Миранда облегченно вздохнула.
— Правда? — Жан-Поль кивнул. — Большое вам спасибо. Невыносимо думать, как огорчится миссис Лайтли, если когда-нибудь вернется и увидит, что мы погубили ее сад.
— Вы полагаете, она вернется?
— Кто может сказать это наверняка?
— Никто, — мрачно кивнул Жан-Поль.
Итак, Жан-Поль с мистером Андервудом занялся восстановлением деревенского сада. Какой бесконечно далекой казалась ему та счастливая неделя, когда он создавал этот сад вместе с Авой, Гектором и детьми. Они болтали и смеялись под ярким осенним солнцем, рядом на лужайке резвились собаки, на крыше ворковали голуби. Тогда-то Ава и похитила его сердце. С каждым днем любовь все глубже прорастала в нем; вначале он этого не замечал, а когда заметил, было уже поздно.
Миранда махнула рукой на статью. Все равно ей не удавалось выжать из себя ни строчки. Она честно пыталась сосредоточиться на тексте, но взгляд ее то и дело останавливался на деревьях за окном, а мысли беспокойно блуждали вокруг детей и Жан-Поля. Ей не сиделось за столом, все новые и новые почтовые сообщения с заказами на статьи лишь усиливали раздражение и досаду. Устав бороться с тяжеловесными фразами, Миранда улеглась на постель и раскрыла альбом. Рисунок сада сам скользнул ей в руки, и она откинулась на подушки, чтобы внимательнее его рассмотреть. Смелые, уверенные мазки и яркие, живые краски придавали изображению удивительную глубину и выразительность. Миранде хотелось показать рисунок Жан-Полю, чтобы он смог повторить замысел художника, но эту мысль сразу пришлось отбросить. Нет, она никому не покажет этот драгоценный рисунок. Миранда вернет его миссис Лайтли, если им суждено когда-нибудь встретиться.

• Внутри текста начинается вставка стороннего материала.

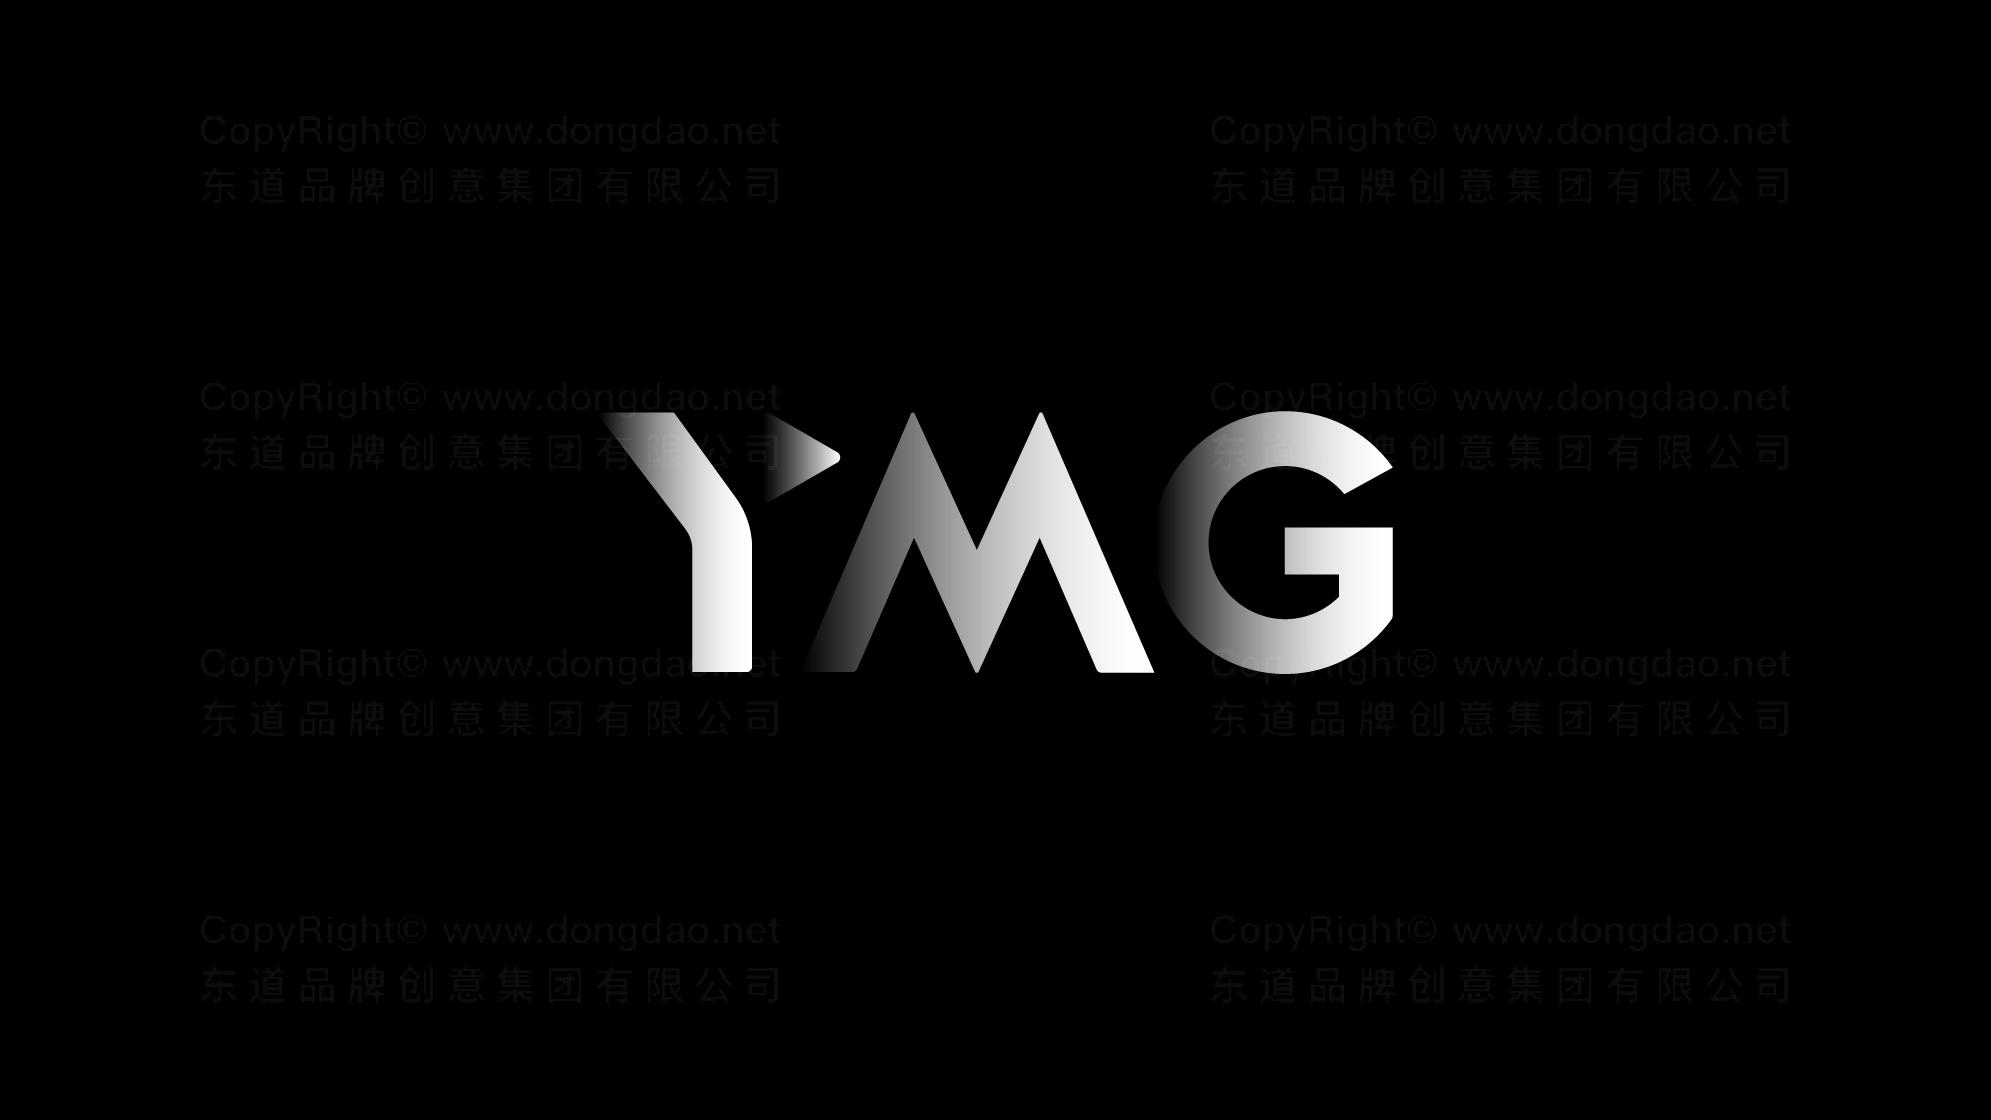 品牌设计余杭传媒logo设计、vi设计应用场景

У Сторм и Гаса начались рождественские каникулы. Миранда взяла за правило отвозить детей по утрам на машине в школу, а потом встречаться с Троем и Генриеттой в парикмахерском салоне или в кондитерской Кейт. Мало-помалу она становилась частью хартингтонского общества. Миранда к этому не стремилась, скорее наоборот, пыталась сопротивляться, словно одинокий моллюск, цепляющийся за скалу, чтобы не унесло течением. Это произошло незаметно для нее самой. Хартингтон завладел ею, подкравшись медленно, исподволь, как обволакивающая пелена тумана. Клейборны стали задерживаться в городке по воскресеньям после церкви, беседуя с местными жителями. Дэвид посетил полковника Пайка, который с гордостью представил гостю для обозрения свои ордена и медали и предложил завтракать вместе по субботам в кондитерской Кейт. Миранда, разговорившись с другими матерями у ворот школы, сходила на родительское собрание. Пришлось идти одной, поскольку Дэвид уехал в Лондон по делам. На пороге школы ее одолел страх, от волнения желудок стянуло в тугой узел, но мистер Марлоу встретил Миранду приветливой улыбкой и с радостью сообщил, что Гас угомонился, начав понемногу привыкать к новому классу. Мальчик с октября никого не покусал, но так и не завел друзей.
— Он одиночка, — вступилась за сына Миранда.
— Не одиночка, миссис Клейборн, а одинокий ребенок. Это совсем не одно и то же. Вашему сыну просто необходимо обзавестись друзьями.
Миранда испытала облегчение, когда закончилось полугодие. Хотя бы на время каникул Гас мог оставаться дома, где некому было придирчиво наблюдать за ним, оценивая его поведение. Она видела, как сын с удовольствием играет с сестрой в ветвях дерева, в домике, построенном Жан-Полем. Миранда чувствовала, что Гасу не хочется ходить в школу, и хорошо понимала его: она и сама в детстве не любила туда ходить. Мальчику намного лучше дома, думала она, замечая, как сын ходит по пятам за Жан-Полем. Рядом с садовником Гас был совершенно счастлив.
Генриетта согласилась присмотреть за Гасом и Сторм, чтобы Миранда смогла съездить в Лондон за подарками к Рождеству. Клер отлично справлялась с магазином в отсутствие сестры, а Генриетте втайне страстно хотелось познакомиться с Жан-Полем. Француз каждое утро выпивал чашку черного кофе в кондитерской Кейт в полном молчании, не отрываясь от газеты.
Миранда уехала ранним поездом, оставив Генриетту завтракать вместе с детьми. Трой сделал Генриетте модную стрижку лесенкой, что несколько подняло ей настроение. Впрочем новую прическу не заметил никто, кроме Кейт, заявившей, что теперь лицо Генриетты кажется круглее. «Я хотела сказать, приятнее, — добавила она. — Смотрится очень мило». Зная, что может случайно столкнуться с Жан-Полем, Генриетта подкрасила ресницы. Она не привыкла пользоваться косметикой и слегка робела, но ей хотелось именно в этот день выглядеть лучше. Однако надеть что-то облегающее ей не хватило духу: Генриетта явилась к Миранде в просторном шерстяном джемпере, скрывавшем ее пышные формы.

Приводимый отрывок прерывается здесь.